About 80% of faculty that trained in the US received their PhDs from just 20% of universities there, according to new analysis by a team at the University of Colorado, Boulder. The group examined data on tenured or tenure-track faculty working at 368 PhD-granting universities in the US from 2011 through 2020.

The researchers found ‘universal inequalities’ in which a small minority of universities supply a large majority of faculty across fields in the US. ‘Analyses of faculty hiring networks, which map who hires whose graduates as faculty, show unambiguously in multiple fields that prestigious departments supply an outsized proportion of faculty,’ the study’s authors wrote.

This is important, they pointed out, because affiliations with such elite institutions improve the acceptance rates of research papers in single- versus double-anonymous review, provide greater resources to write more papers, and attract more citations, attention, as well as awards. Furthermore, the researchers noted, because the vast majority of faculty work in departments that are less prestigious than those where they trained, the more prestigious departments are the ones that broadly dictate academic norms and culture.

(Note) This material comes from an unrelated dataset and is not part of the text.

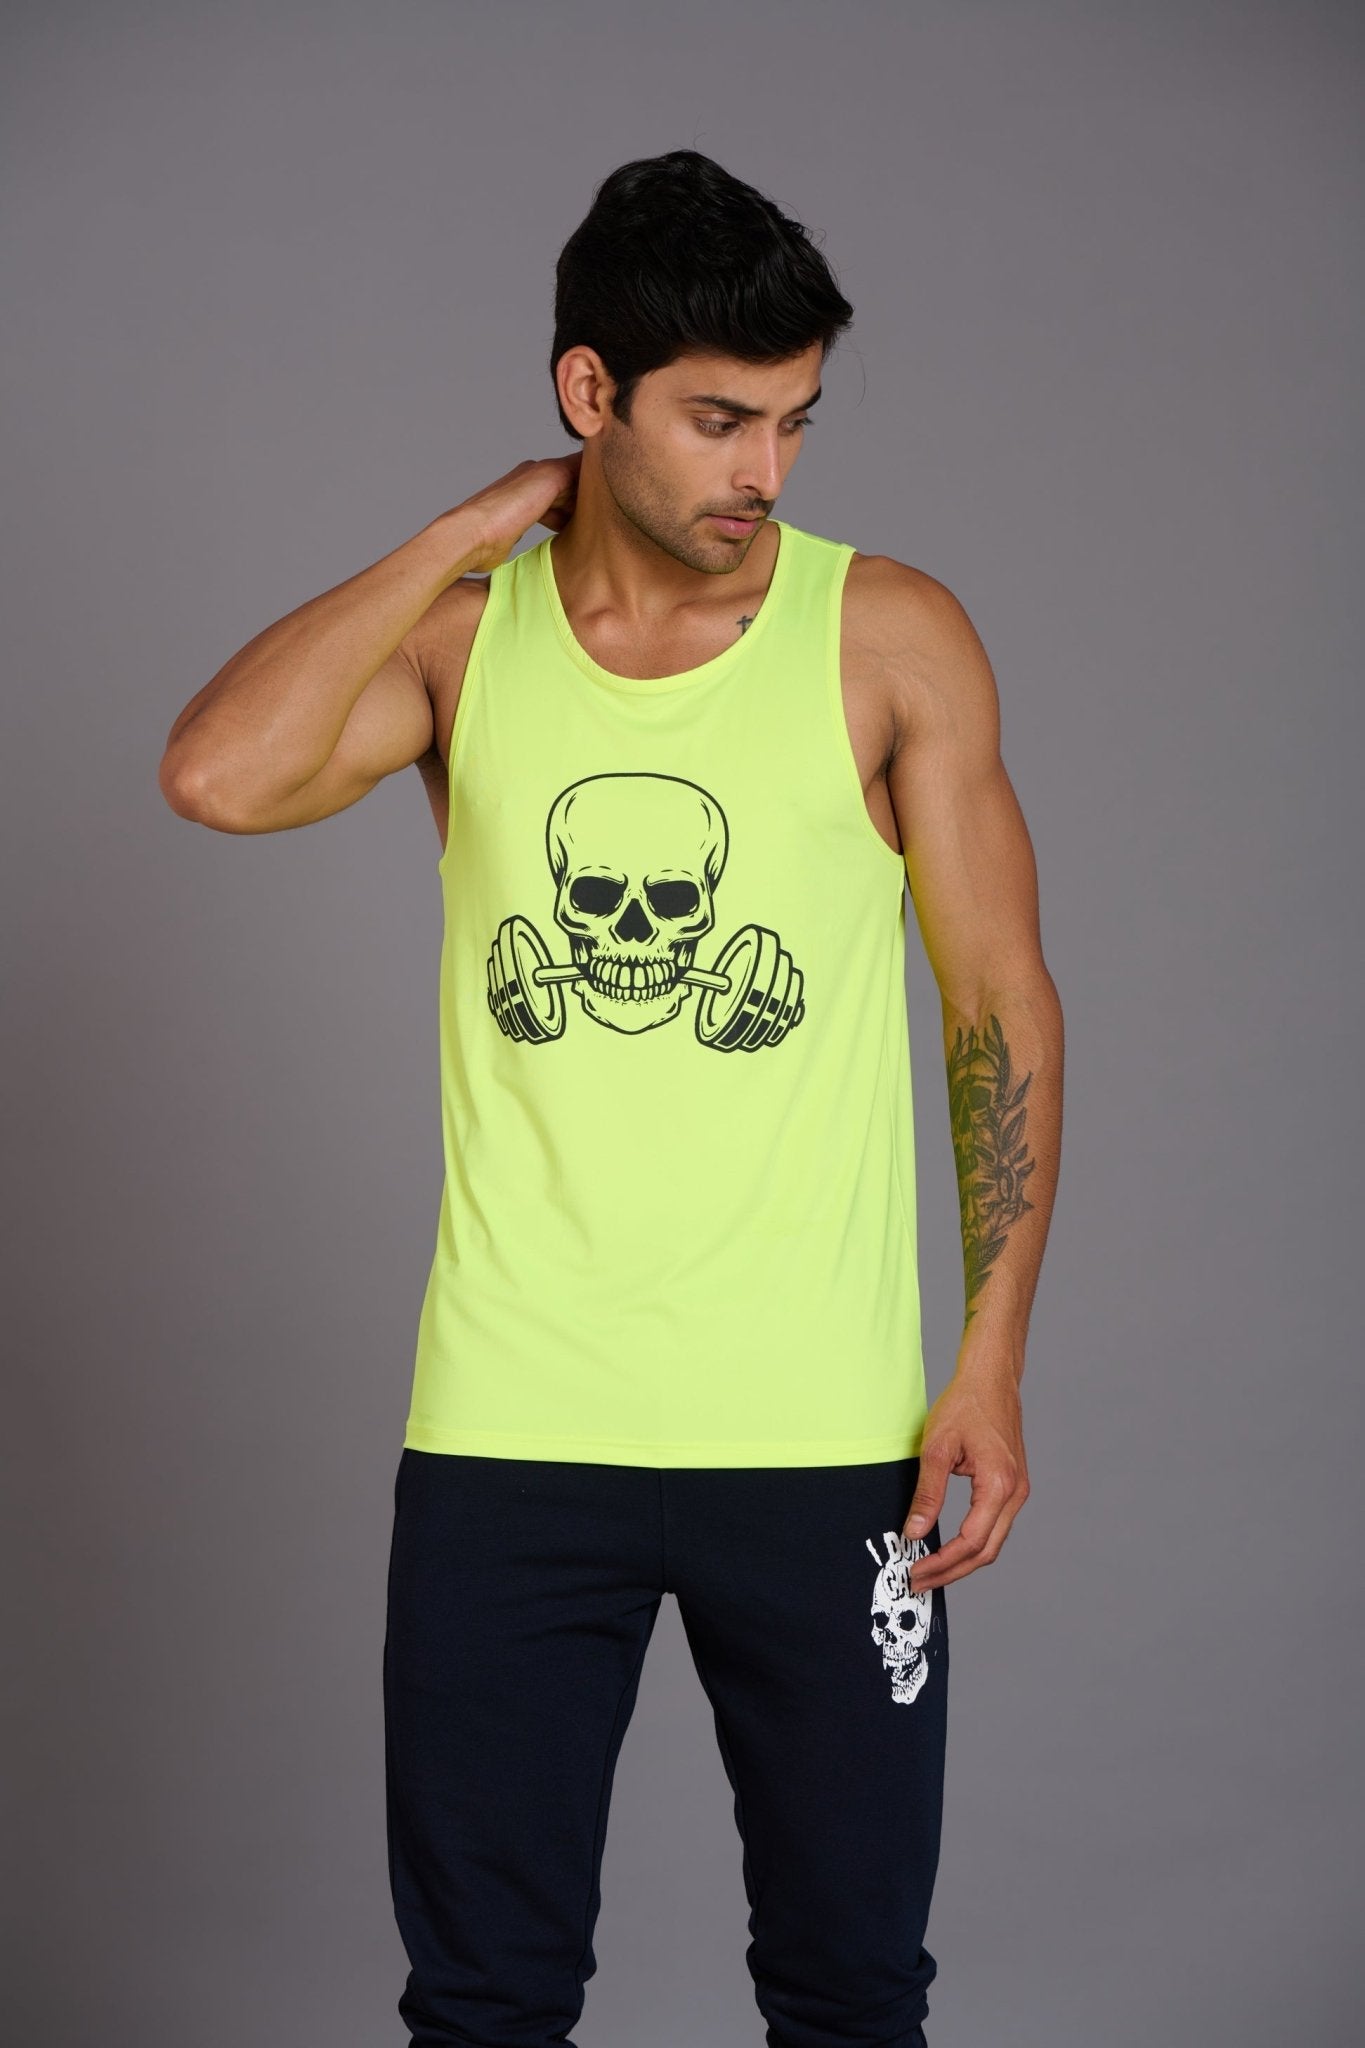 Devil Fit Printed Neon Vest (Activewear) for Men - Go Devil

The UC Boulder analysis revealed that 11% of US faculty received their doctorates outside the country, but there were significant disparities by field. For example, only 2% of faculty in education departments earned their PhDs internationally compared with 19% of faculty in natural sciences departments. It also turned out that faculty who were trained abroad primarily received their instruction in just a few countries – more than 35% studied in the UK or Canada, compared with less than 5.5% from Africa and the Americas, excluding Canada.

When it comes to overall representation of women in academia from 2011 to 2020, the team observed an increase of 75% in female representation in academia across the 107 fields studied. For example, female representation among engineering faculty rose from 12.5% to 17.1% but jumped from 55.4% to 58.5% among education faculty during that time.

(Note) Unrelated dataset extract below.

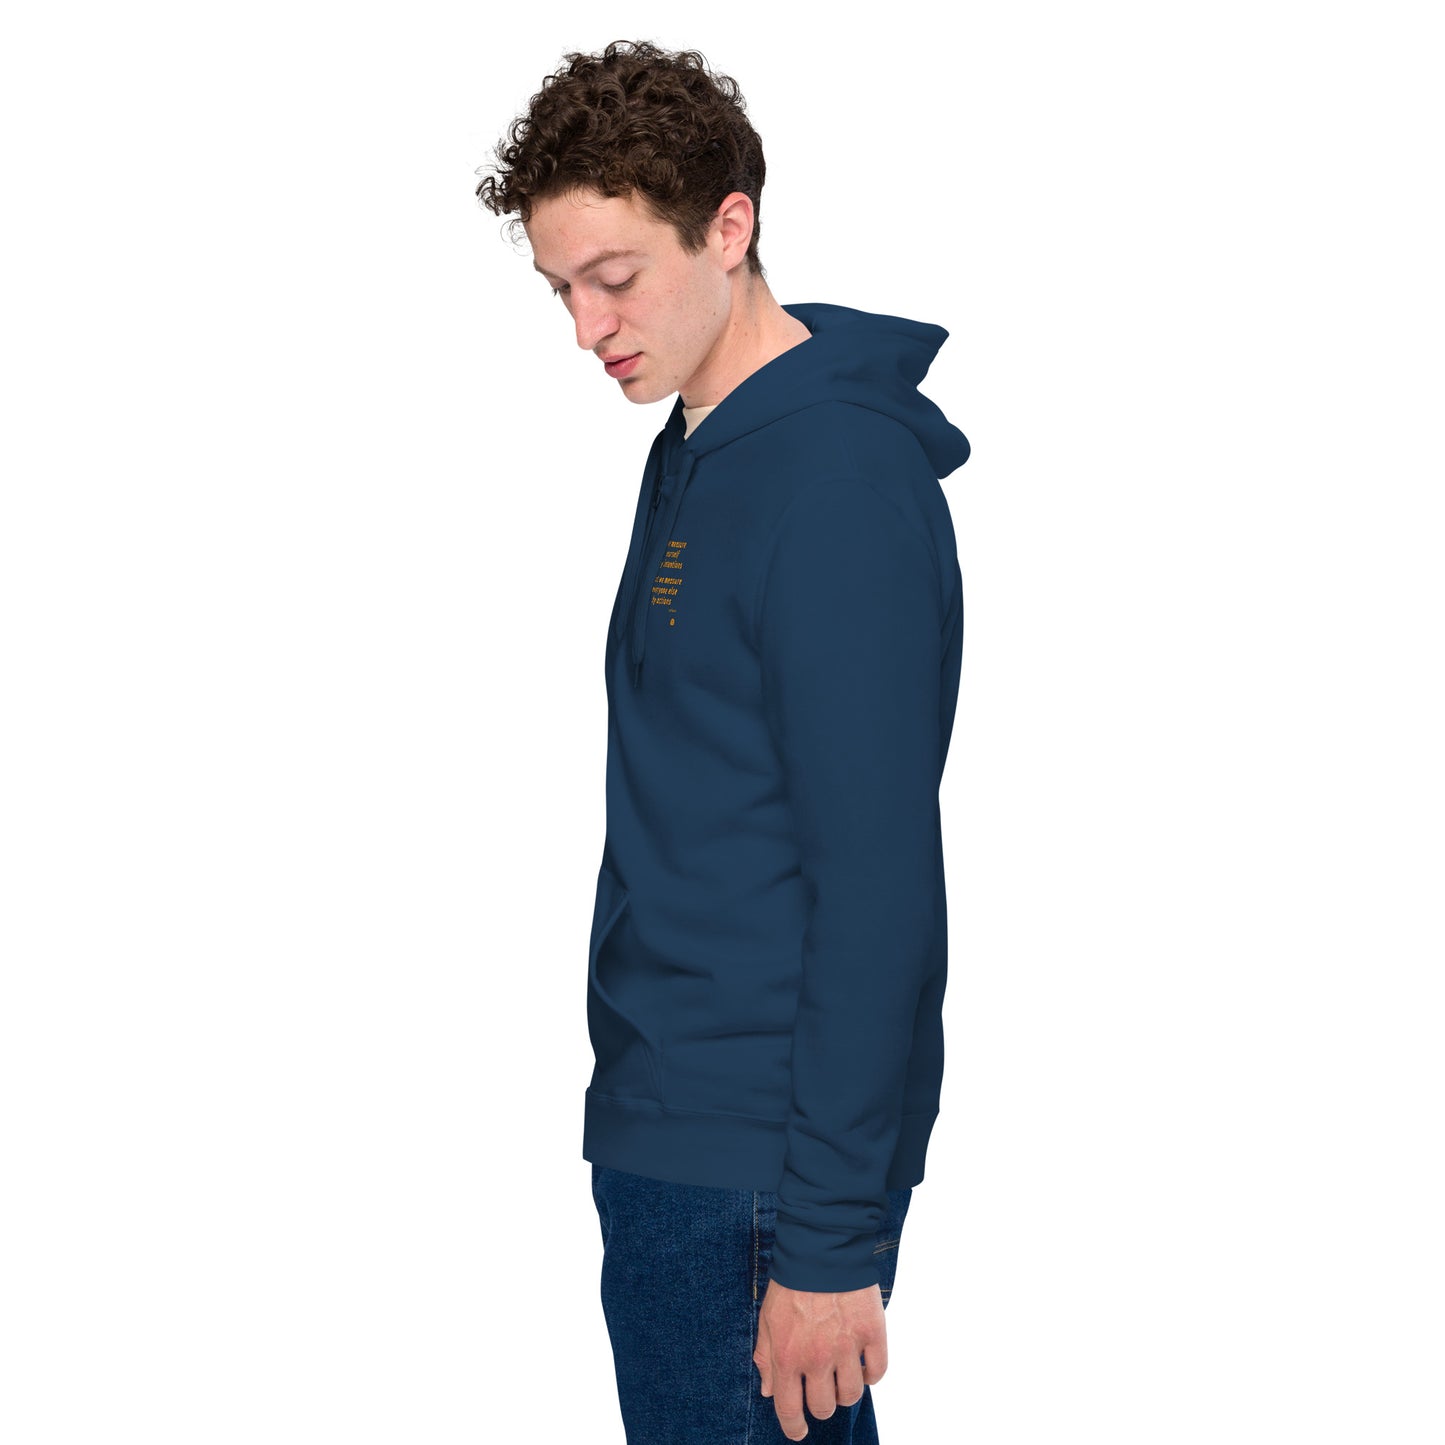 Unisex basic zip hoodie "Measure_sm"

However, these figures on female faculty are not reflected in the percentage of new hires. In fact, the UC Boulder team attributed the overall rise to a disproportionate number of men retiring.

‘Our results indicate that gains in women’s representation over this decade result from demographic turnover and earlier changes made to hiring, and are unlikely to lead to long-term gender parity in most fields,’ the researchers concluded.